▶ Problem: Give an unaltered copy of the listing below, minus its pictures.

▶ Data shown:
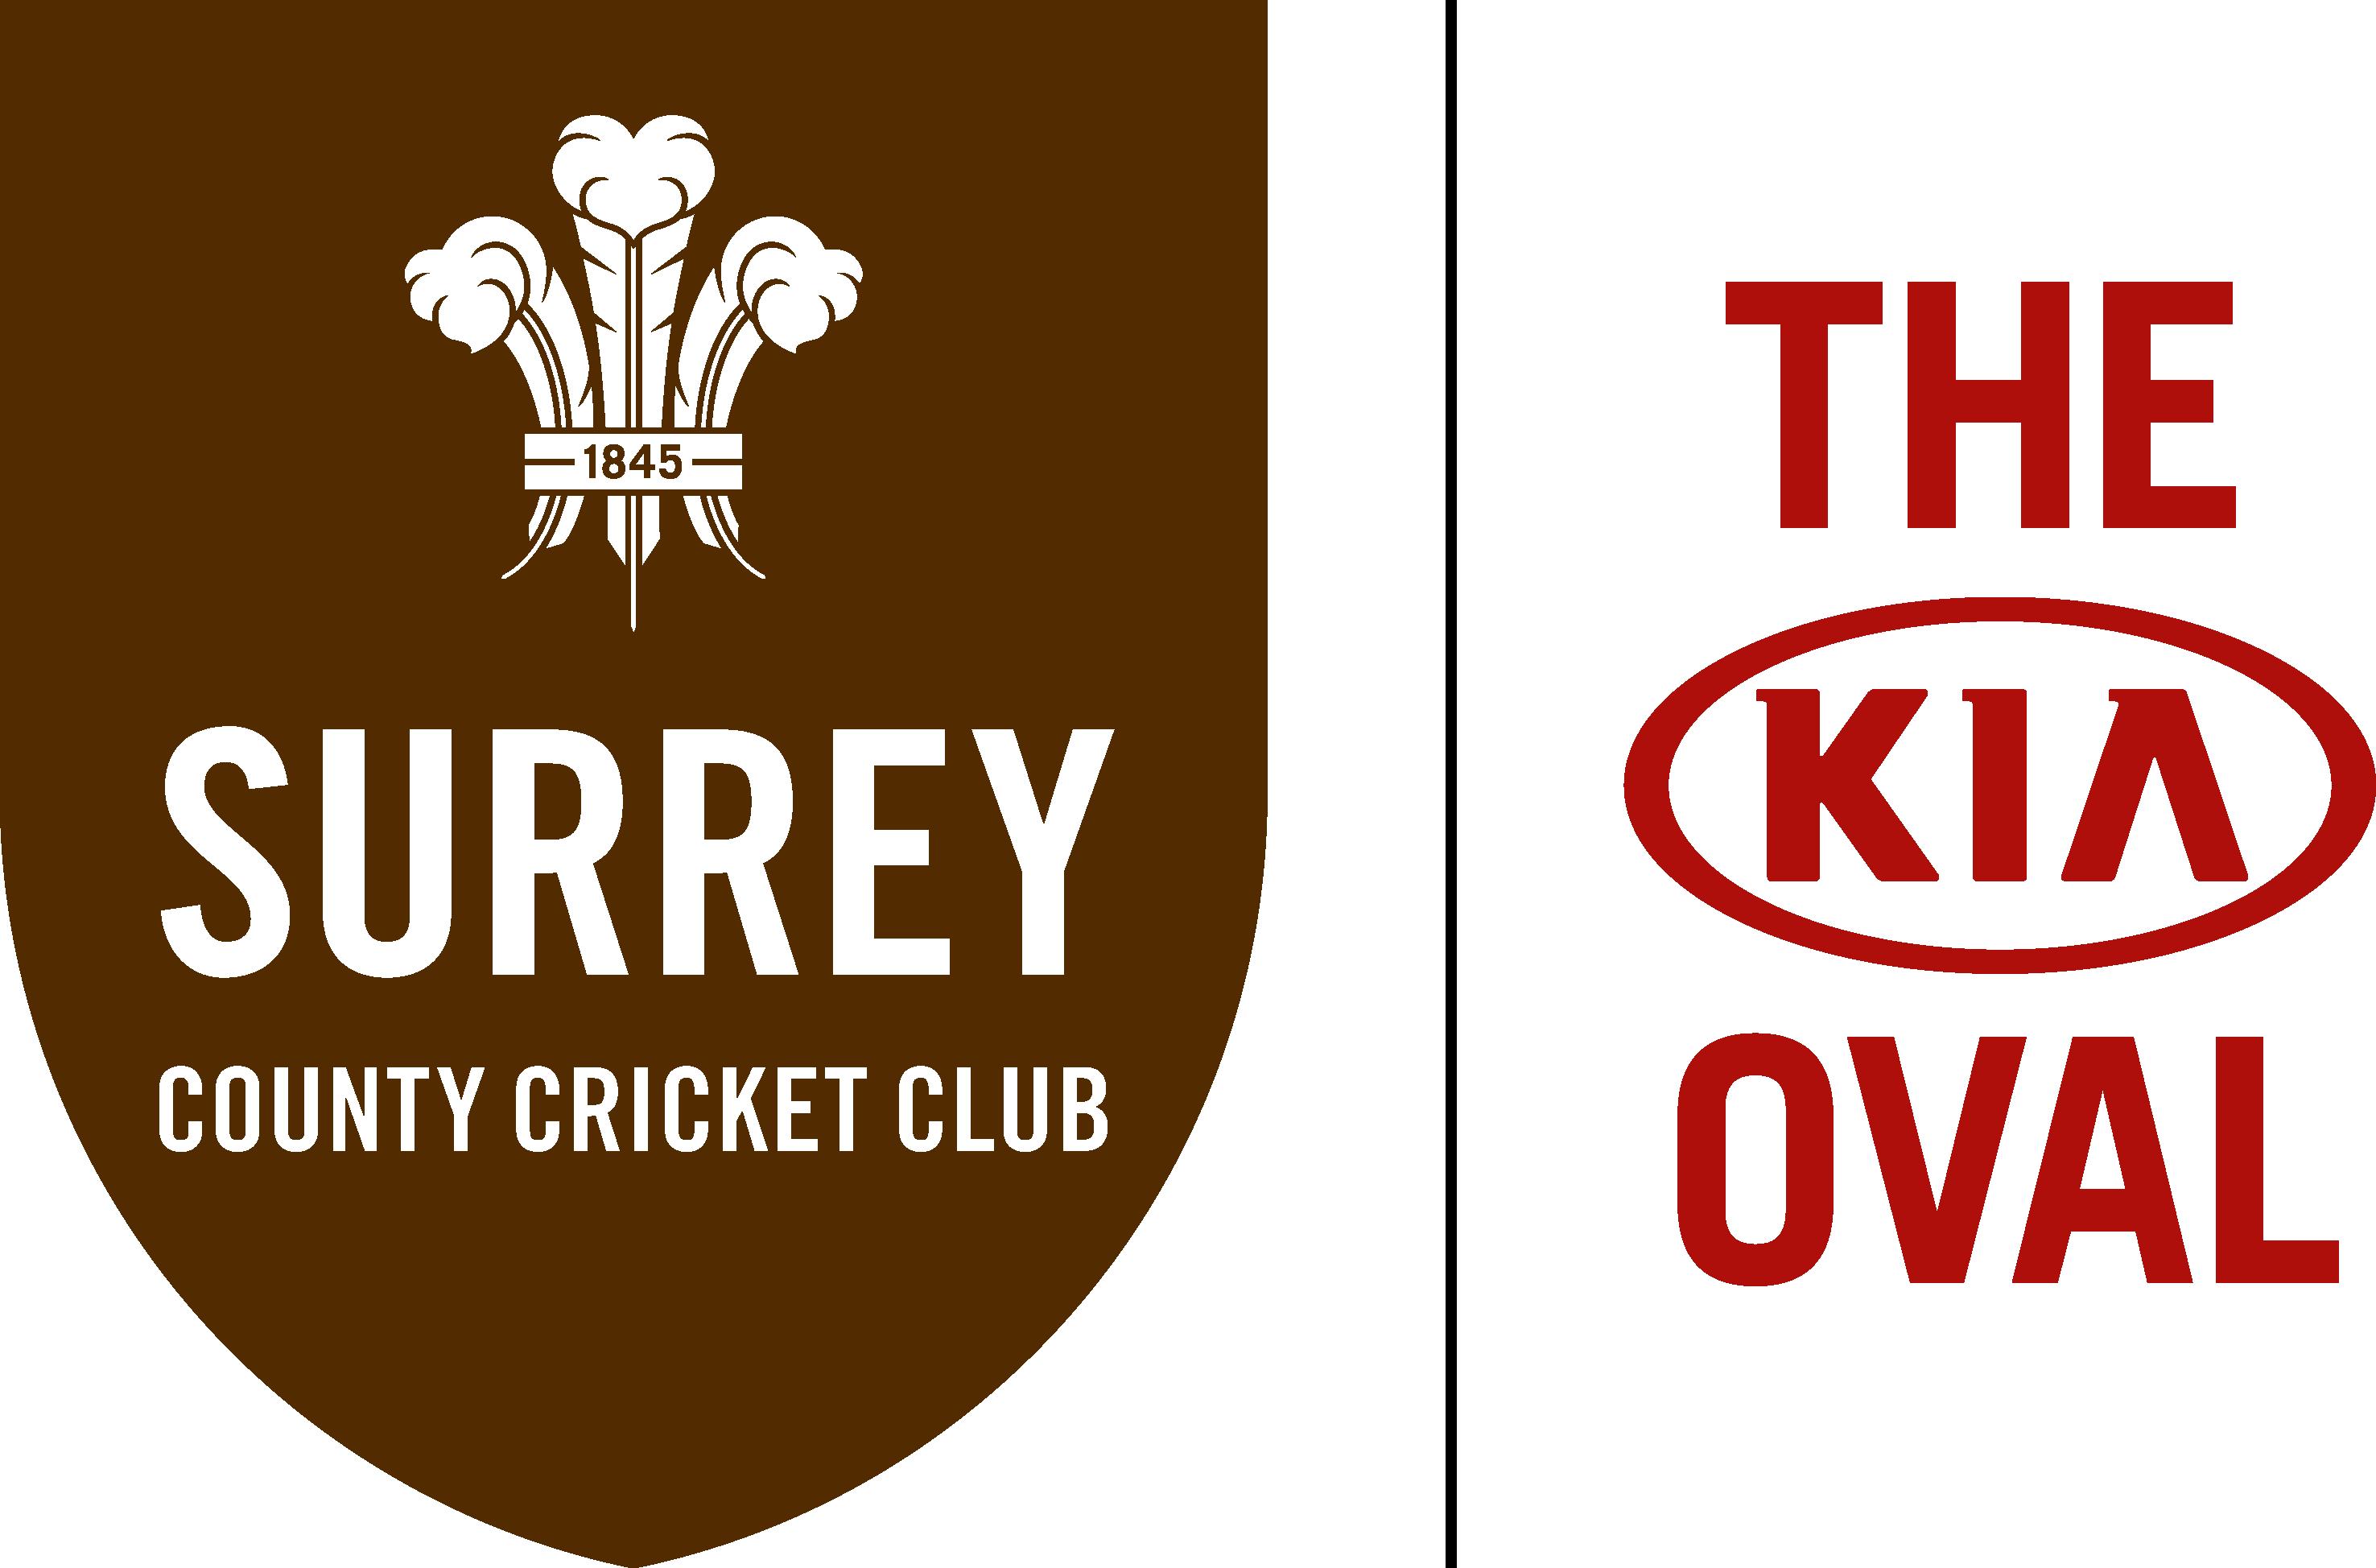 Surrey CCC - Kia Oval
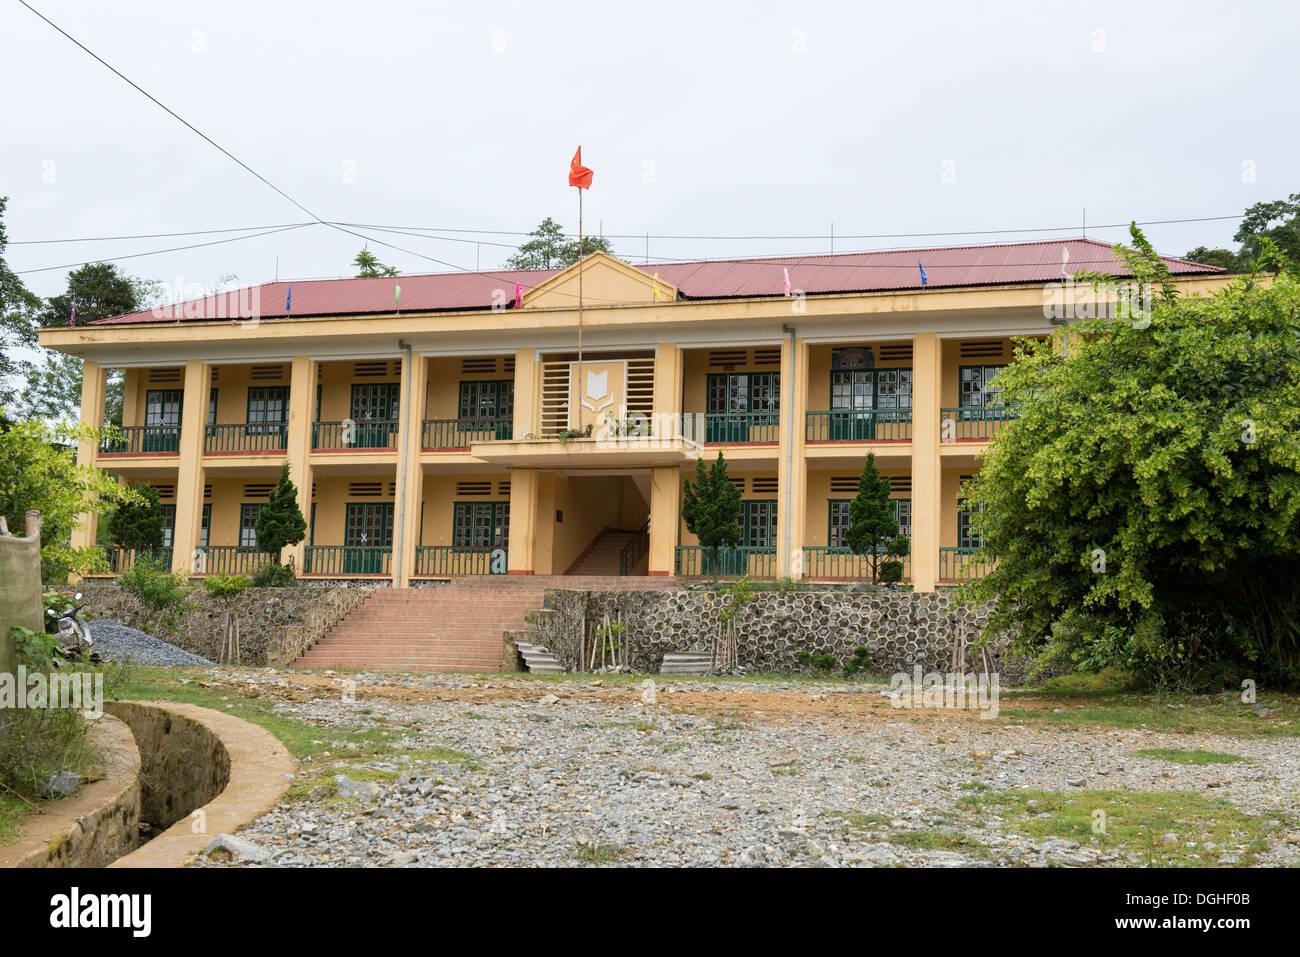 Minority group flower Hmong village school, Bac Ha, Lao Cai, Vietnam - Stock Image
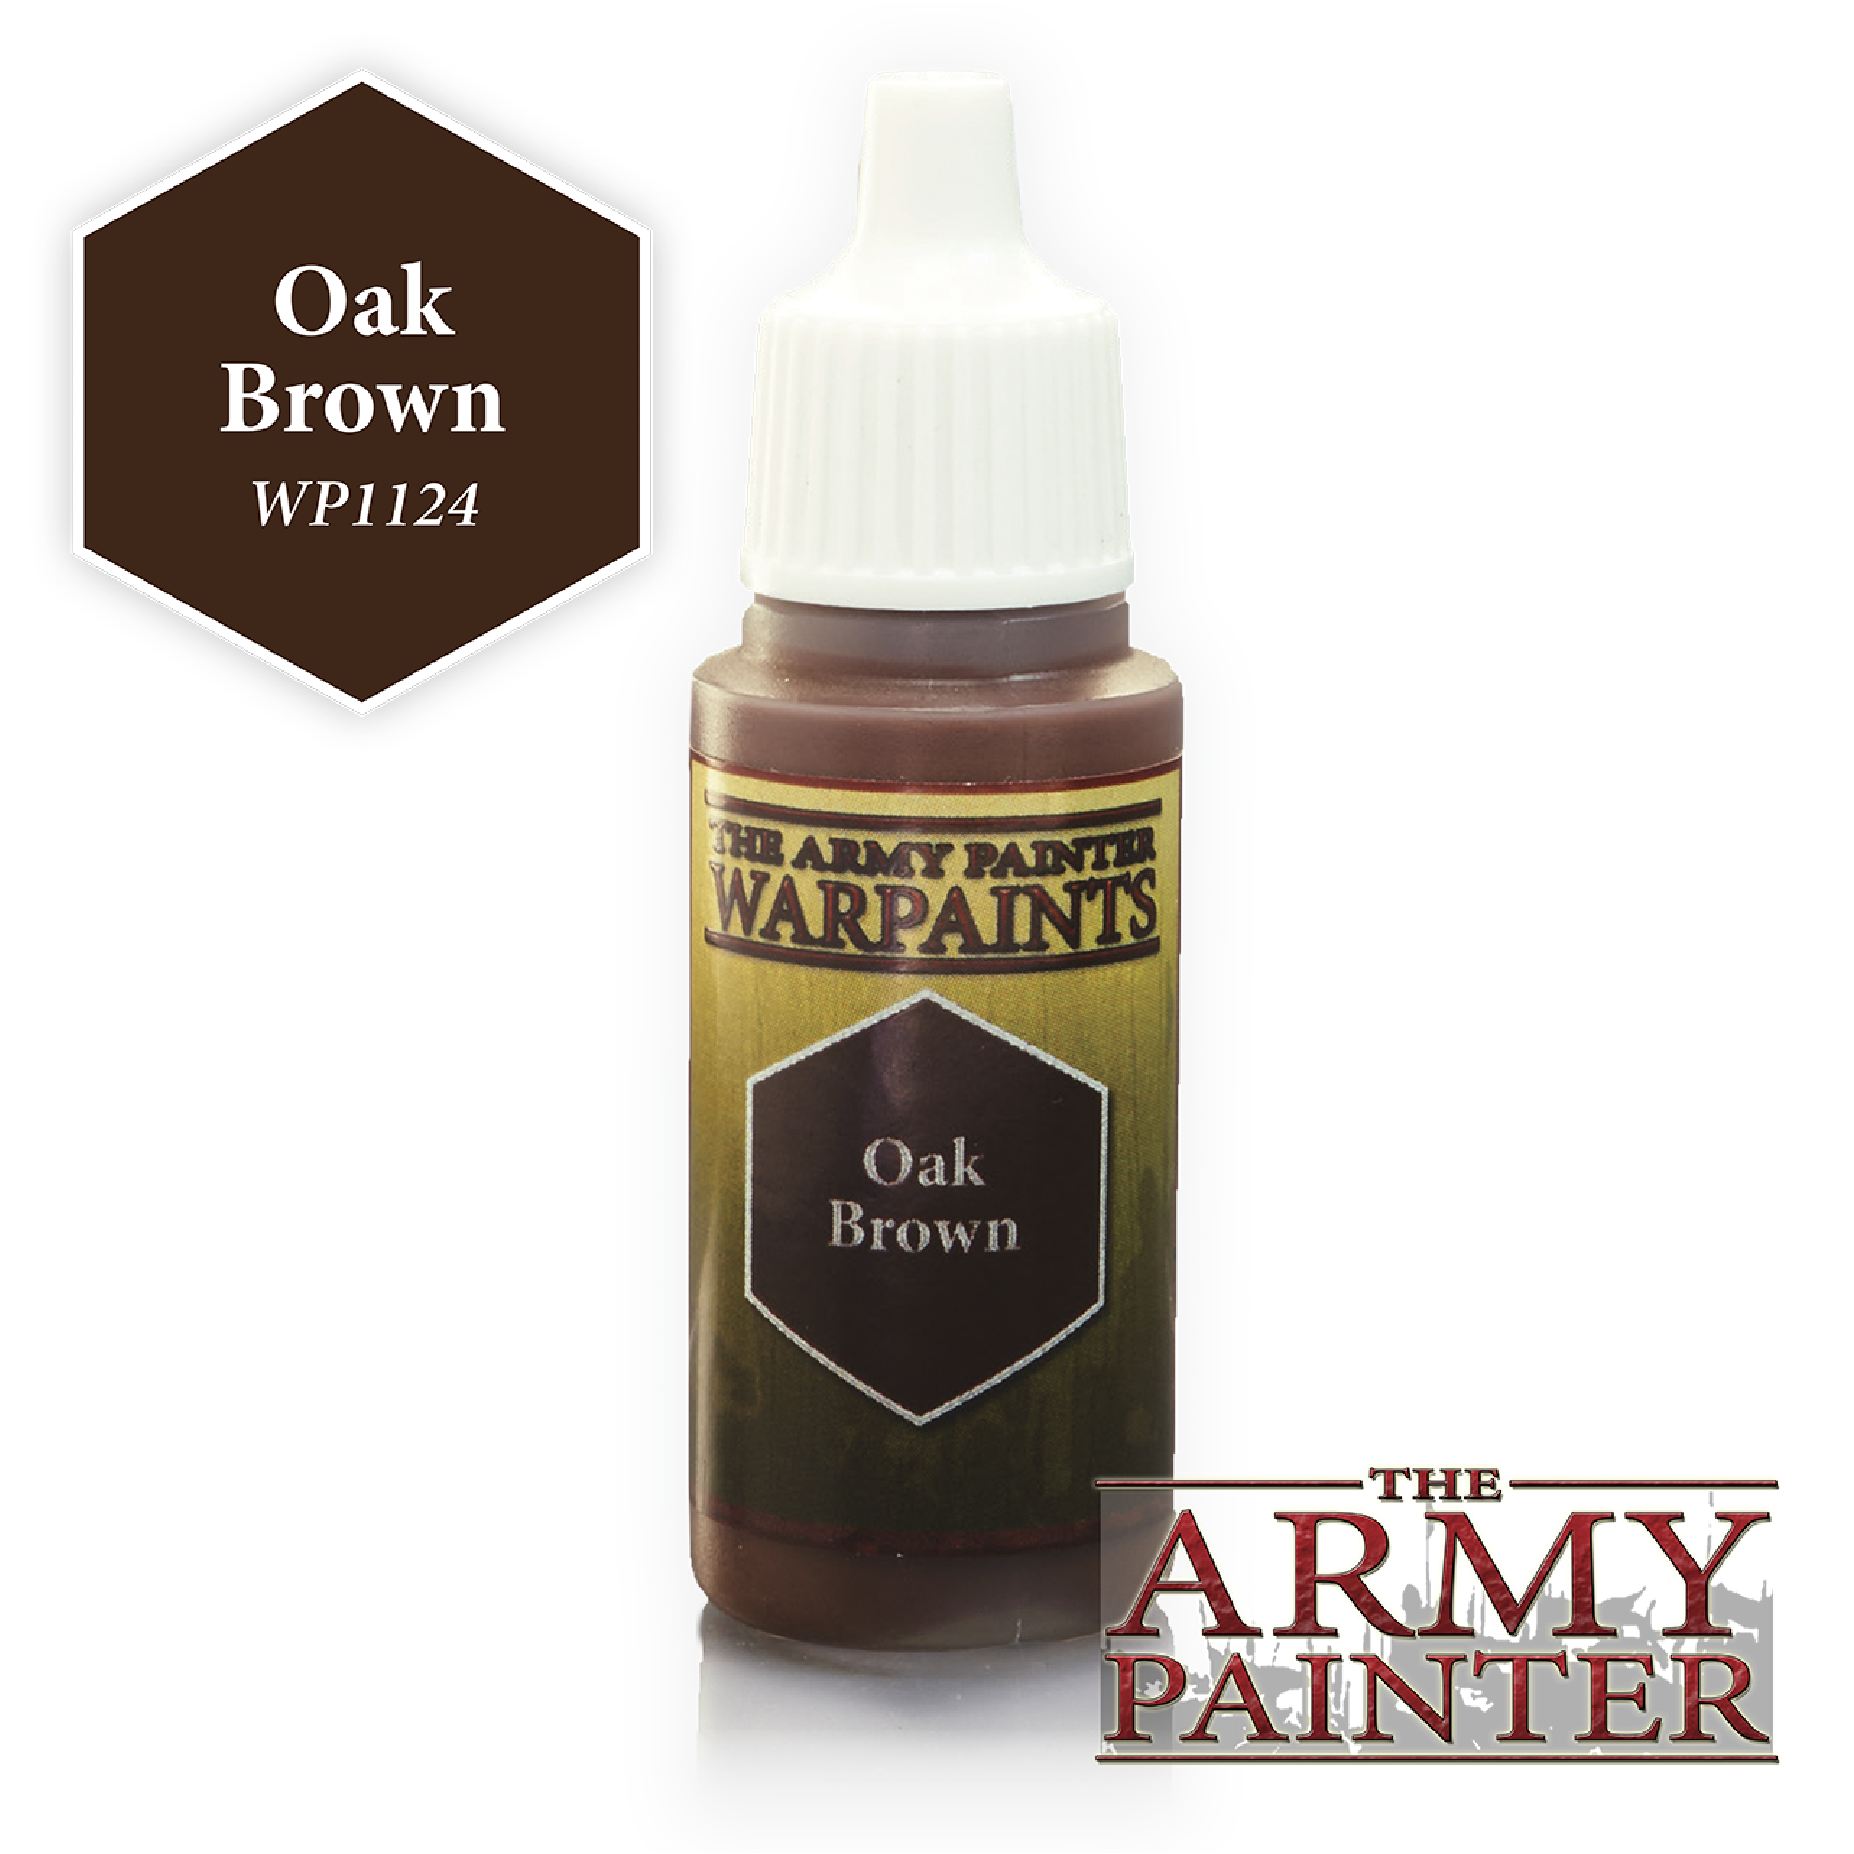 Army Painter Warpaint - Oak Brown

▶ Finished task:
 Surrey CCC - Kia Oval
 Minority group flower Hmong village school, Bac Ha, Lao Cai, Vietnam - Stock Image
 Army Painter Warpaint - Oak Brown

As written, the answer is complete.